The tram network’s autonomous units add another layer of complexity, since they run in mixed traffic. Vision systems, lidar, and radar help the trams identify cars, pedestrians, and track obstacles. Software trained on local conditions analyzes this sensor data to adjust driving behavior at intersections, curves, and pedestrian crossings, reflecting a global trend toward integrating automotive-style driver assistance into rail-bound vehicles.

Implications for travelers and the wider rail sector

For passengers visiting or living in Moscow, the visible impact of this year’s autonomous rollouts is likely to be most noticeable in service regularity rather than spectacle.
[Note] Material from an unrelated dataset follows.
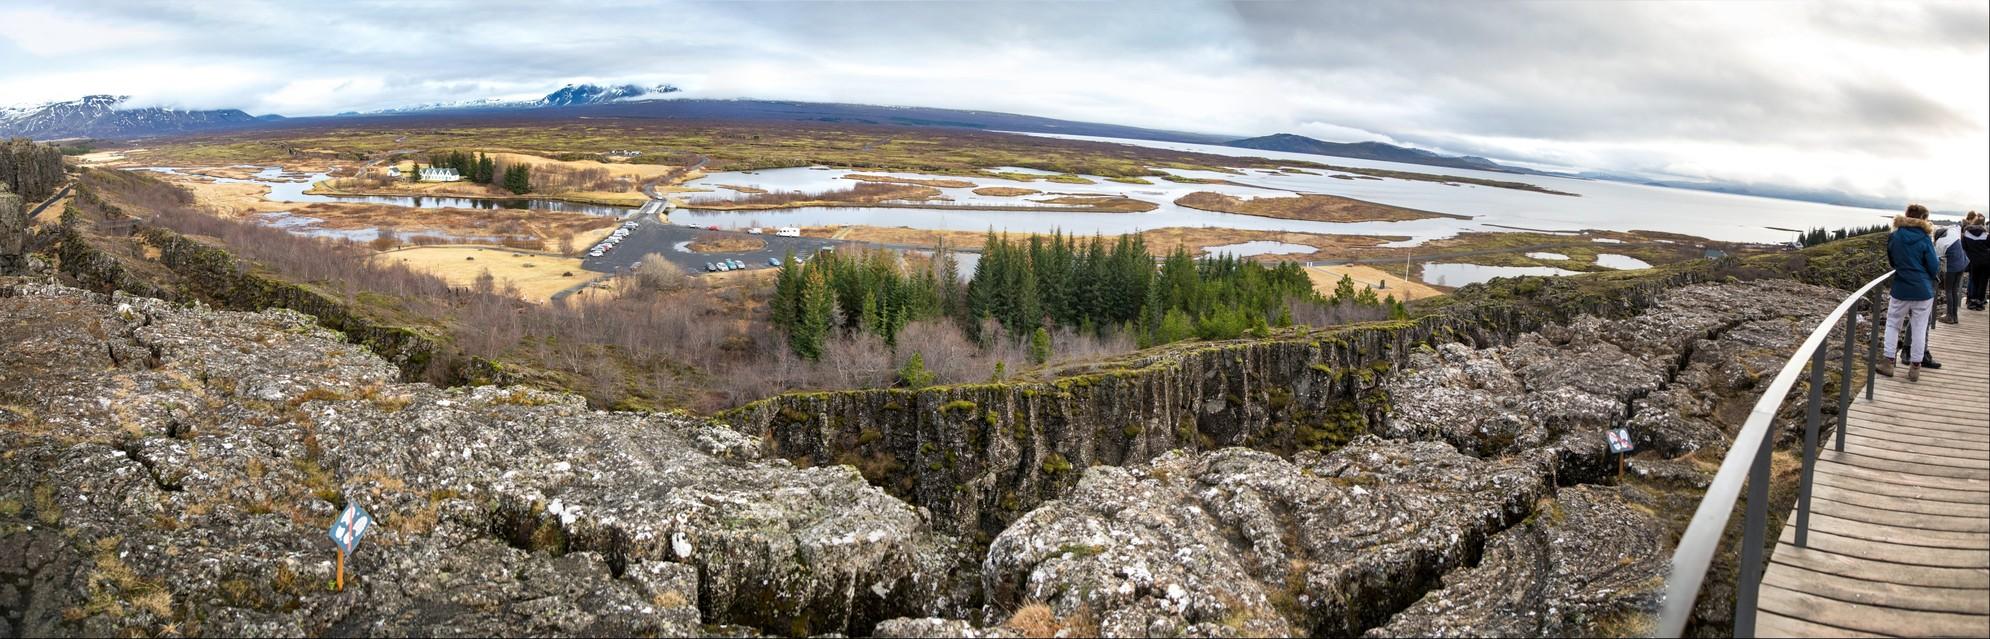 Iceland - Feb 2017 - Panorama 19
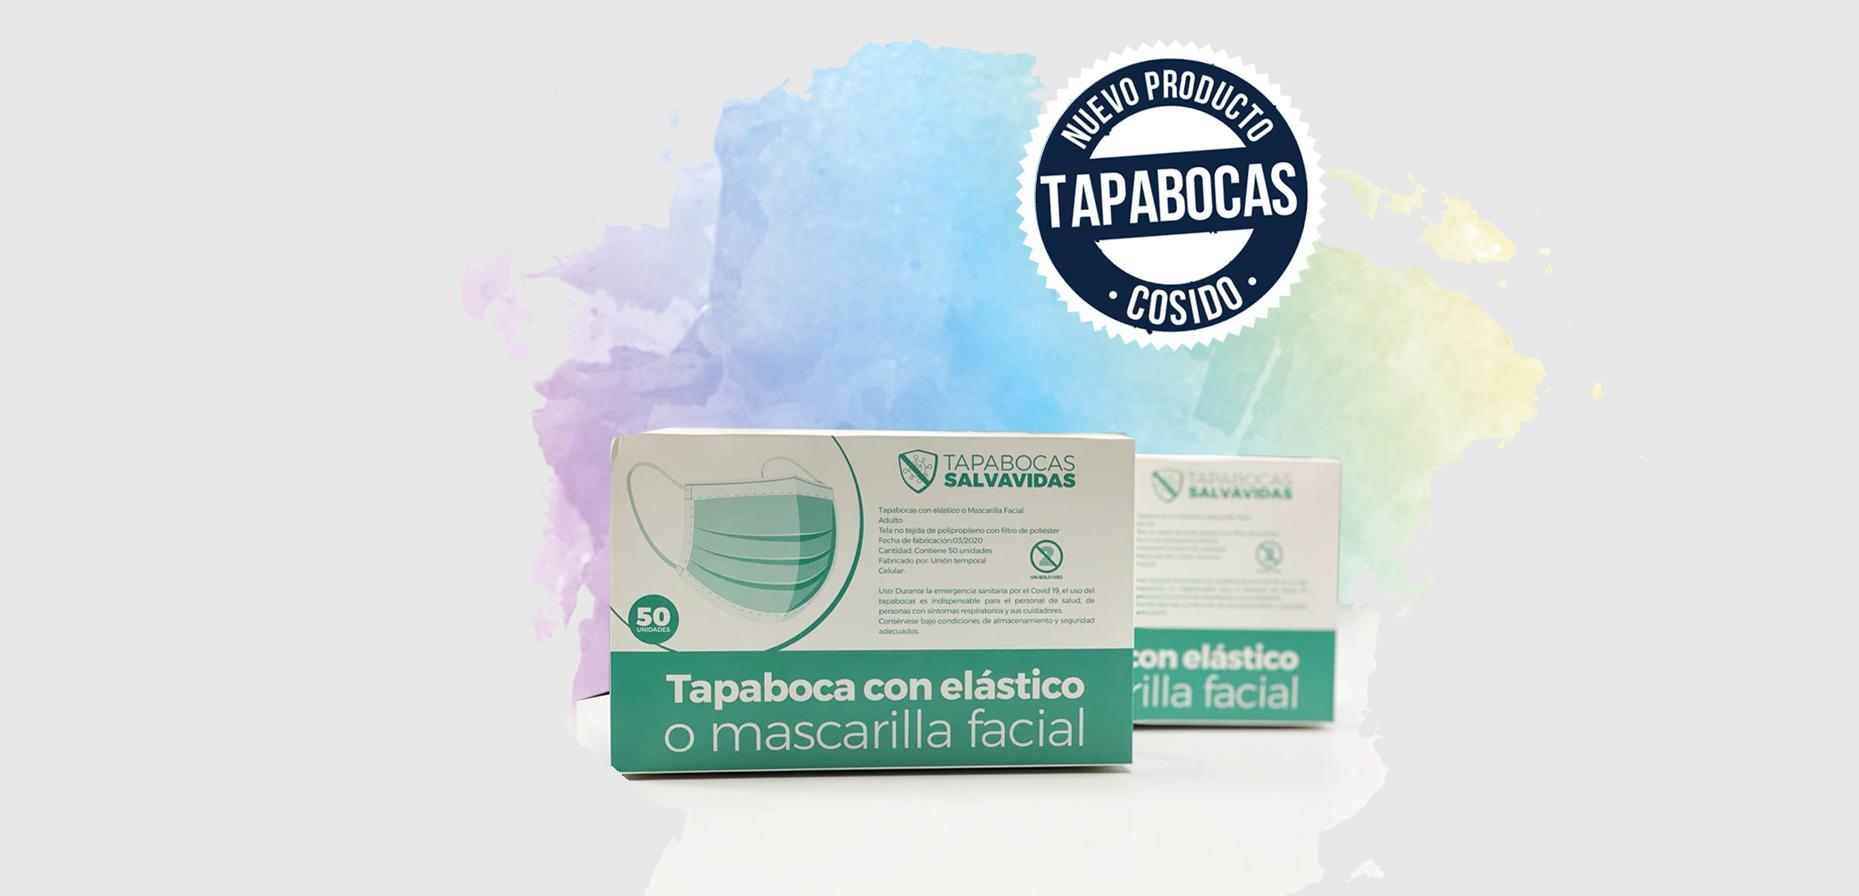 tejidos-totas-tapabocas-bioseguridad-2

Automation makes it easier to maintain tight headways on metro and suburban lines, which can reduce waiting times and improve connections with the broader transport network that includes the Moscow Central Diameters, buses, and river trams.

Industry observers point out that autonomous systems can also reduce human error and standardize driving behavior across a fleet. On heavily trafficked urban corridors, that translates into smoother braking and acceleration, fewer abrupt stops, and more predictable journey times. Given Moscow’s status as a major test bed, these operational lessons are expected to influence how automation is introduced on other Russian railways over the next decade.

Russia’s move into regular autonomous train service places it among a growing group of countries using automation beyond closed airport shuttles or isolated metro lines. The combination of metro, commuter rail, and tram initiatives is particularly significant, as it reflects an attempt to create a unified autonomous ecosystem across modes rather than a single flagship line.

At the same time, analysts note that geopolitical factors and sanctions have pushed Russia to prioritize domestic development of software, sensors, and control equipment for these systems. The decision to rely on locally produced technology could shape how quickly similar projects appear outside Moscow, and whether Russian-made autonomous rail solutions find markets abroad.

What comes next on Russia’s driverless roadmap

Roadmaps made public by Moscow’s transport planners indicate that the next several years will focus on expanding autonomous operations and gradually reducing the role of onboard staff. On the Moscow Central Circle, plans call for Lastochka trains to transition from supervised automation to full autopilot late this decade, once regulators and operators are satisfied with safety performance.

Within the metro, testing of Moskva-2026 trainsets without passengers is expected to give way to regular automated service with onboard attendants before the end of the decade. Over time, entire lines could move to unattended operation, following patterns already seen in Asia and Western Europe. The city’s long-term ambitions include a fully autonomous metro line in the early 2030s.

Moscow’s tram network is also slated for further upgrades, with hundreds of vehicles forecast to receive autonomous systems over the next decade. As the number of automated routes grows, passengers may find that driver cabs gradually disappear from the newest rolling stock, replaced by passenger space and surveillance systems monitored from control centers.

For travelers and transport watchers, Russia’s first steps into regular autonomous train service in 2026 mark the start of a long transition rather than a single breakthrough moment. The performance of Moscow’s driverless-capable trains and trams in daily service will be closely watched, both within Russia and by cities worldwide that are weighing how far and how fast to automate their own rail networks.